A spirit medium performs a ritual among the remains of freedom fighters killed by Rhodesian security forces during the liberation struggle before the bodies were dumped in disused mineshafts at Chibondo, Mount Darwin, to conceal the atrocities

In a typical and classic insurgent technique, during the war the Black Nationalists moved amongst the population. They also relied upon sympathetic Catholic Missions for support. Schorr postulates quite reasonably that the Black Nationalists would not have committed the spate of missionary killings in Rhodesia for which they were and are still credited, because missionaries were those most likely to aid and abet them in their battle against Rhodesian forces. Many missionaries were prosecuted, imprisoned and even deported for giving medical aid, food and shelter to the Nationalists.

Schorr also throws doubt on the common assumption that the Nationalists perpetrated the most awful atrocities against the black peasants of Rhodesia.

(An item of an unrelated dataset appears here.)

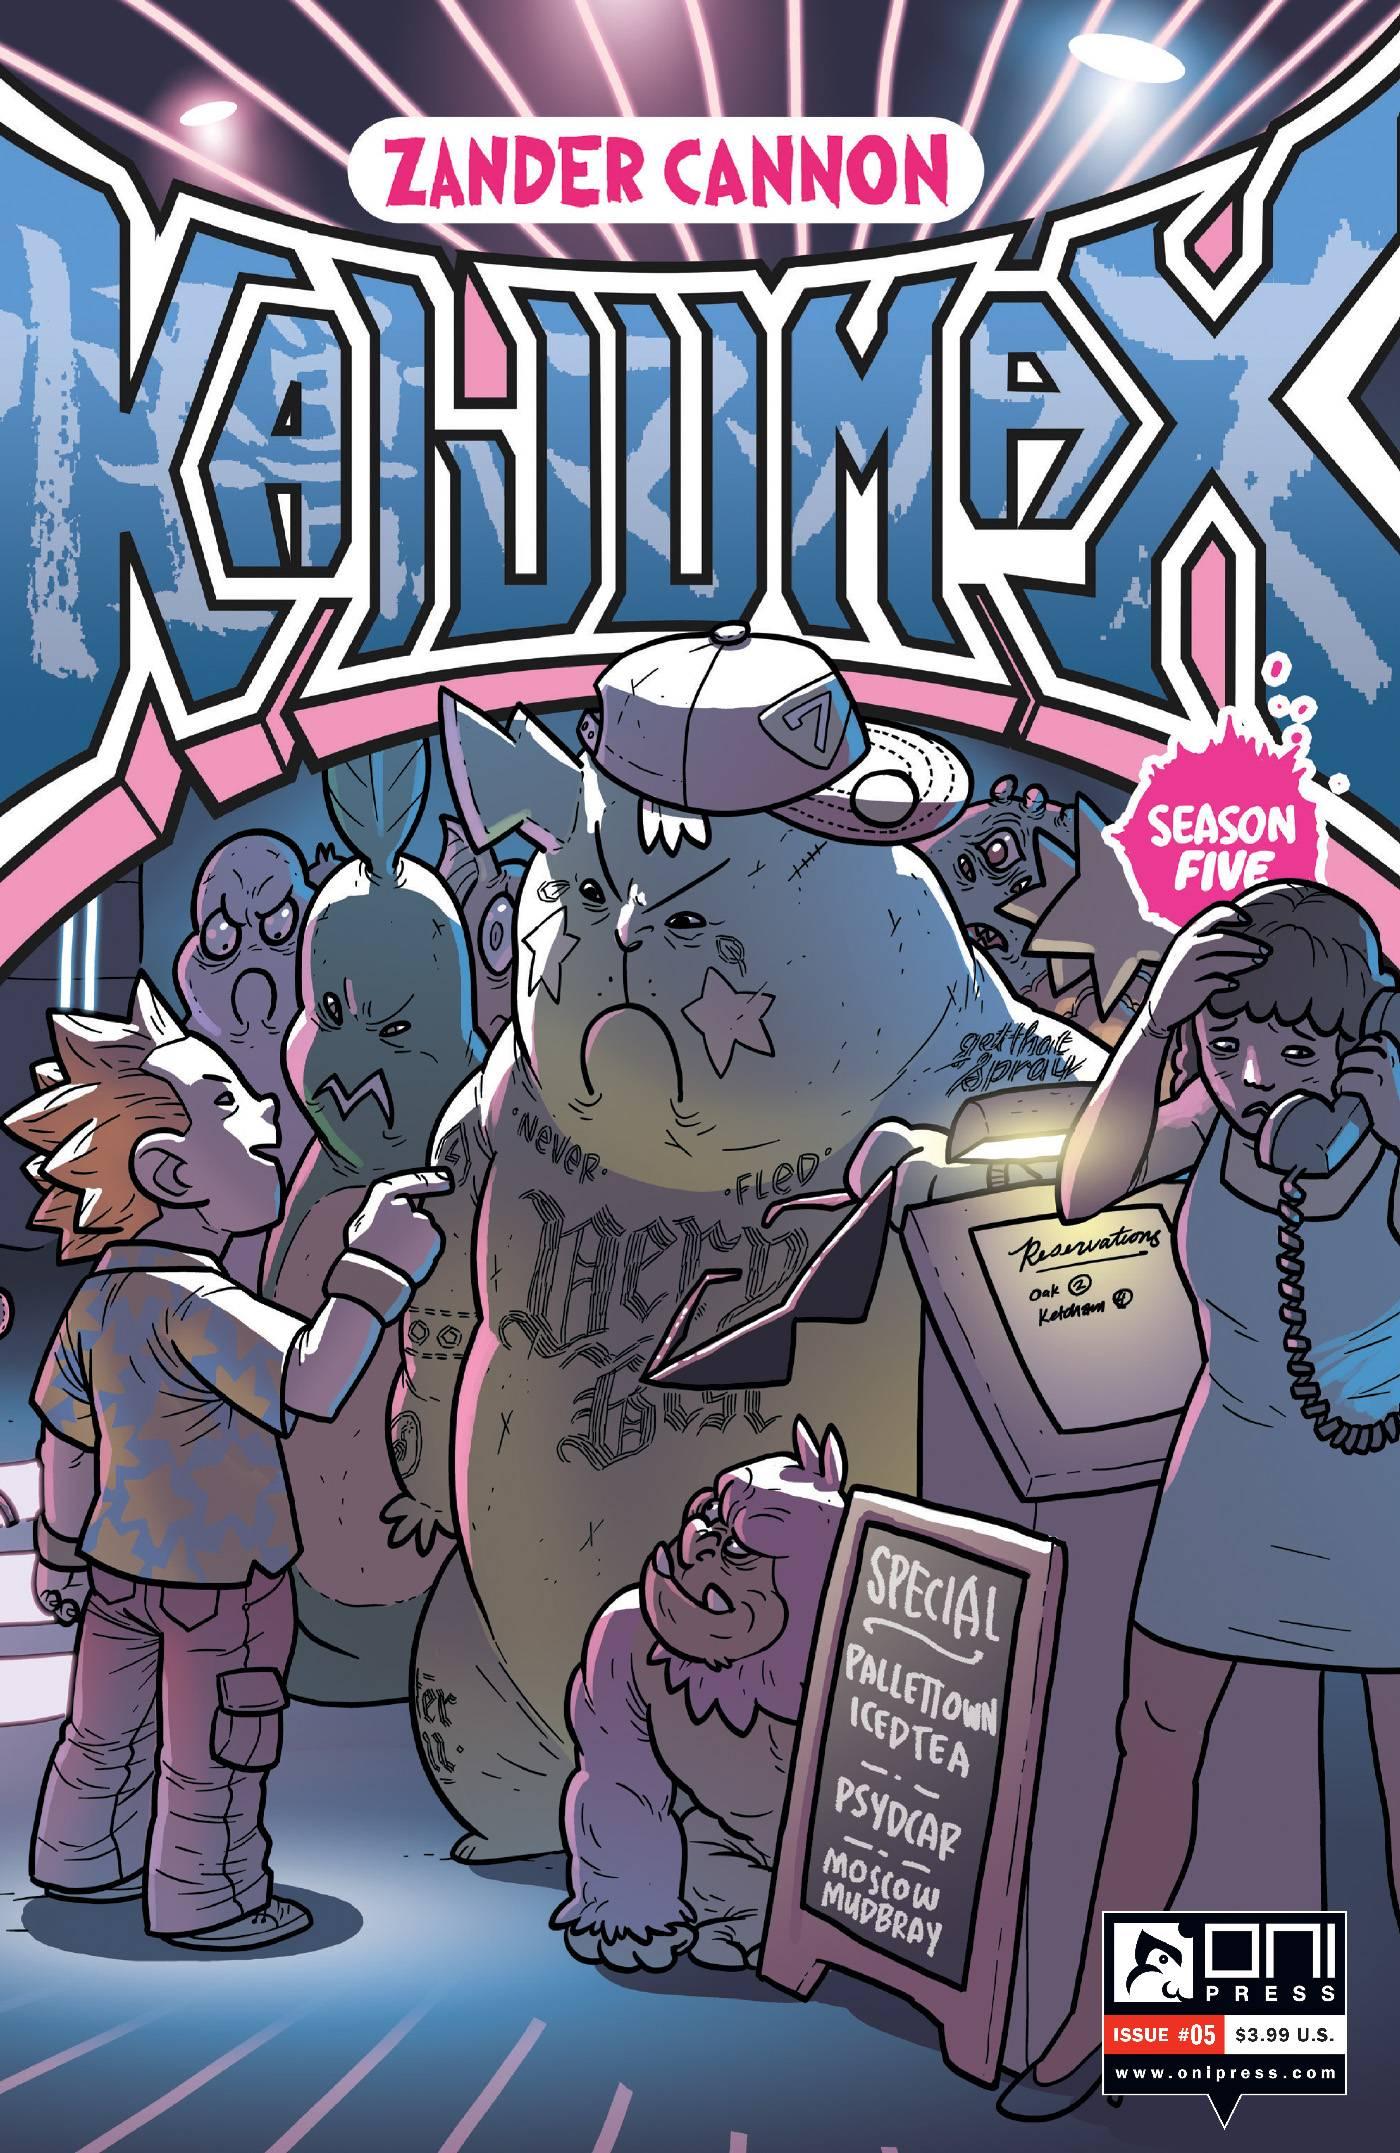 Kaijumax Season 5 #5 (2020)

Although it is likely that some rogue members of the Nationalist movement might have taken vengeance upon those amongst the local population who gave information to the Rhodesians, the nature of many of the atrocities suggest a more visceral hatred, and this is something that seems more likely to have been committed by those who saw or considered black people subhuman.

By turn, the Nationalists relied heavily upon the local population for support, sanctuary and succour, and were unlikely to attack their own people so viciously.

In his book "Dirty War", Glenn Cross describes how, after becoming ill, insurgents who had been poisoned through illegal chemical weapons use would return to the last village at which they had eaten and take revenge on the villagers they assumed had poisoned them with their last meal. The Rhodesians were clever enough to use poisons that took as long as a week to produce a fatality, and it's unlikely that any of those affected had the slightest idea that they had been made ill by a pair of jeans or a packet of aspirin used a week previously.

But that the Rhodesians were contaminating clothing, food and medicine with poisons is undeniable, and Cross provides plenty of evidence that their use was indiscriminate and often detrimental to the local civilian population.

Although it is evident that a chemical warfare programme in Rhodesia existed, the speculation regarding the pseudo terrorist units of the Selous Scouts being engaged in false flag operations is so far just that: speculation.

But this speculation is not going to be popular amongst the sort of person – ex-Rhodesians and present day white Zimbabweans – who might read this book. They might be resistant to the notion that Rhodesia was morally bankrupt from the moment Smith declared UDI and that racism and protection of white privilege brought a decade-long war of attrition to resist black governance and self-determination.